# Poll: Are e-cigarettes an acceptable alternative to tobacco cigarettes?



## Alex (17/12/14)

*Poll: Are e-cigarettes an acceptable alternative to tobacco cigarettes? *

Source to article here...

By  Tim Darragh | NJ Advance Media for NJ.com  
Follow on Twitter 
on December 17, 2014 at 8:30 AM, updated December 17, 2014 at 8:44 AM

 
People are going to smoke.
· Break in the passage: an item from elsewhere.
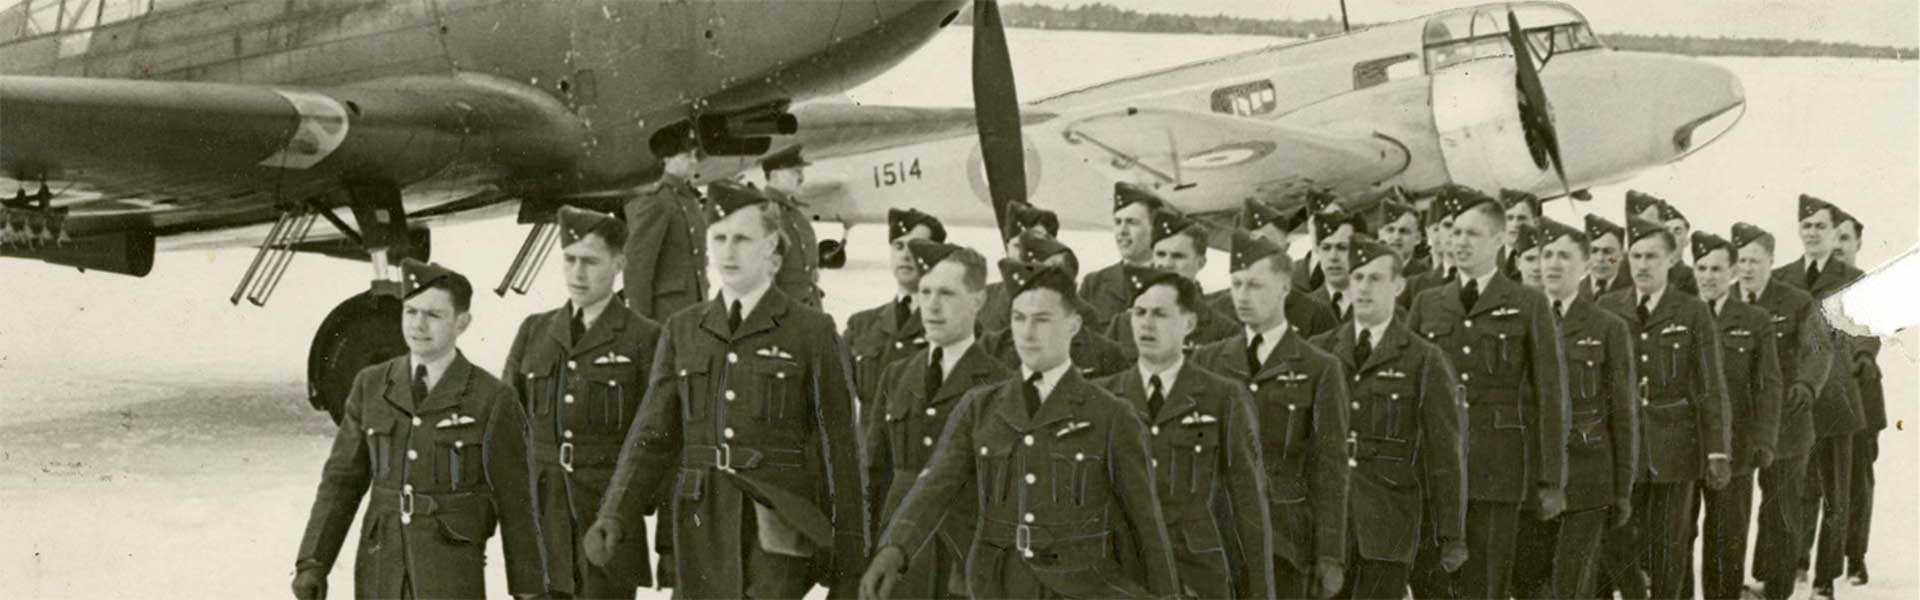 WW2 Borden Commonwealth Air Training banner

It's been done for centuries. 

 
Now comes along an alternative, and it appears to be changing the way people -- at least young people -- take up the habit. 

 
The 2014 Monitoring the Future survey, released Tuesday by the National Institute on Drug Abuse, found that smoking cigarettes within the past month was down to 8 percent among the 40,000-50,000 eighth, 10th and 12th graders surveyed nationwide.

 
In 1997, the recent peak year, 28 percent of that group reported having smoked. 

 
The smoking rates among the three groups are at historic lows, according to the survey.

 
Meanwhile, e-cigarette use is rising. The institute’s survey showed that 9 percent of eighth-graders reported using the battery-operated vaporizers in the past 30 days, compared to 4 percent who smoked a tobacco cigarette. For 10th graders, e-cigarette use topped tobacco use 16 percent to 7 percent. Among 12th graders, e-cigarettes led tobacco 17 percent to 14 percent.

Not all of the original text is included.